[Records contained in a dataset]
▬▬▬▬▬▬▬▬▬▬

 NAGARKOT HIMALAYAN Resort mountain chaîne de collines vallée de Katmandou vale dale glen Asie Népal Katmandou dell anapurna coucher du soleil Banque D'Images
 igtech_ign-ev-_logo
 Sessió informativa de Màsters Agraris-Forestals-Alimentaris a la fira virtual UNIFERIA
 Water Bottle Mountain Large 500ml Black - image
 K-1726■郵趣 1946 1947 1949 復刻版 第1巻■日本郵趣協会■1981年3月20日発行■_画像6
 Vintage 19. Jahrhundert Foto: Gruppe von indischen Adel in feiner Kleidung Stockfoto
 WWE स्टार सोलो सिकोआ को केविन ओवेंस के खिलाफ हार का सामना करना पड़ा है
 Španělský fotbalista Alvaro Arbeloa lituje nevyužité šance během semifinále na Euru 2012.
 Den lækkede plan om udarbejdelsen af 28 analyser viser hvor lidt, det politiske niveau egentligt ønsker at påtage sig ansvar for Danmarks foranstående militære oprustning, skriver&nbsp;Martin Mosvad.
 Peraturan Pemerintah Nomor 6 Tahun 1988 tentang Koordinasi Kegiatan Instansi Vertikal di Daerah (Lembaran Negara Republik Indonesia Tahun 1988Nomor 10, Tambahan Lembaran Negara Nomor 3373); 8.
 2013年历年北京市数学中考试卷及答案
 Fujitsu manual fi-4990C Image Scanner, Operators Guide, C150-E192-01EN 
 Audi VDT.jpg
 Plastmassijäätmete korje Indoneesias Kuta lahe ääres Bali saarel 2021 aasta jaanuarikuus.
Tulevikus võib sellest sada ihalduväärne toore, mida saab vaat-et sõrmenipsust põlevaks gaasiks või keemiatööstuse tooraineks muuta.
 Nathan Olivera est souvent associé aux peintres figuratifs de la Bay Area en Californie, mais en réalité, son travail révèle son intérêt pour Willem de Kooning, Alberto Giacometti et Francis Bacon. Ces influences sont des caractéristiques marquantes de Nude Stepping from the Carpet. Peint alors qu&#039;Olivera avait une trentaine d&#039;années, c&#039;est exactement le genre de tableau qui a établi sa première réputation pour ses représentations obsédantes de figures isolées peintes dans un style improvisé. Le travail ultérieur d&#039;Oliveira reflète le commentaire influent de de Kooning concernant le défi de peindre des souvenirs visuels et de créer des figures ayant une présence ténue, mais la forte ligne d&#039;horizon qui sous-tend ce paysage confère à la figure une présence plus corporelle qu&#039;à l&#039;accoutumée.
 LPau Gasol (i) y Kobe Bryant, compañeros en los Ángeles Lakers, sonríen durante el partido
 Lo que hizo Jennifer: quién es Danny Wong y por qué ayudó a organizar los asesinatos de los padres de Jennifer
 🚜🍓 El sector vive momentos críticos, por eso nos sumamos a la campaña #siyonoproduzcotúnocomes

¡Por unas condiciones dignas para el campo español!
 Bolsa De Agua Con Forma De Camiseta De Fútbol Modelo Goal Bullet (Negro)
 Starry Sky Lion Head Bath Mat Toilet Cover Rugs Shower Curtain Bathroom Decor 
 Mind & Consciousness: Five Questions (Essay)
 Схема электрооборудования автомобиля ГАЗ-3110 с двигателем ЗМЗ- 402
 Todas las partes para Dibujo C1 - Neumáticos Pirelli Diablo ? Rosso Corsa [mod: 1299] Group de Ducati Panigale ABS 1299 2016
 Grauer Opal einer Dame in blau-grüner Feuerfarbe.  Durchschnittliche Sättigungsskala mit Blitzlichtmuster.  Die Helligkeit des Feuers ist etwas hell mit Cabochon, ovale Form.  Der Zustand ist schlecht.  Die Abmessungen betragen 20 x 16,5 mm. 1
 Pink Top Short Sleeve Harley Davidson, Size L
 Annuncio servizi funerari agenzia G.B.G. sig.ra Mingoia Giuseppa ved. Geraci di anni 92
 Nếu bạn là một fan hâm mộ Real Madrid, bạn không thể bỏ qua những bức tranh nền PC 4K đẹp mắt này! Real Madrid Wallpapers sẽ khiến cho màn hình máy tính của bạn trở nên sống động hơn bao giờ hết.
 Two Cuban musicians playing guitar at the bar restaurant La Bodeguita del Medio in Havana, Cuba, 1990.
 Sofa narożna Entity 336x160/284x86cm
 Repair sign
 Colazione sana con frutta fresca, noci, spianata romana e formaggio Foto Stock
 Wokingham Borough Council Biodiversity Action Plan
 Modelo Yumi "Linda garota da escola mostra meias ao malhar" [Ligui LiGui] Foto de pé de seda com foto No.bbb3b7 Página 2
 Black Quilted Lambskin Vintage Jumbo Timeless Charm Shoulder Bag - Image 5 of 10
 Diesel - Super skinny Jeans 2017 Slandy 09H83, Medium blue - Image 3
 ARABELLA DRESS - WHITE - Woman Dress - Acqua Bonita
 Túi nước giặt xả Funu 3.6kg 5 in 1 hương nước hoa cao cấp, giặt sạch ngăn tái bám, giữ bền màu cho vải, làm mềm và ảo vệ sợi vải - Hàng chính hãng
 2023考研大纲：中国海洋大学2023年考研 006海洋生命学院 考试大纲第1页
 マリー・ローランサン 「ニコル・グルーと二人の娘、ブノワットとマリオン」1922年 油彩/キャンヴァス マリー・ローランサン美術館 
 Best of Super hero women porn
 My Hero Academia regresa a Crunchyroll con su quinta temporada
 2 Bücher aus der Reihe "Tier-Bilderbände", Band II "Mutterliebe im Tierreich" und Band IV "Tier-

▬▬▬▬▬▬▬▬▬▬

What this task involves: How many of the lines above include the word "Black"? Respond with the number alone.

Exercise result: 2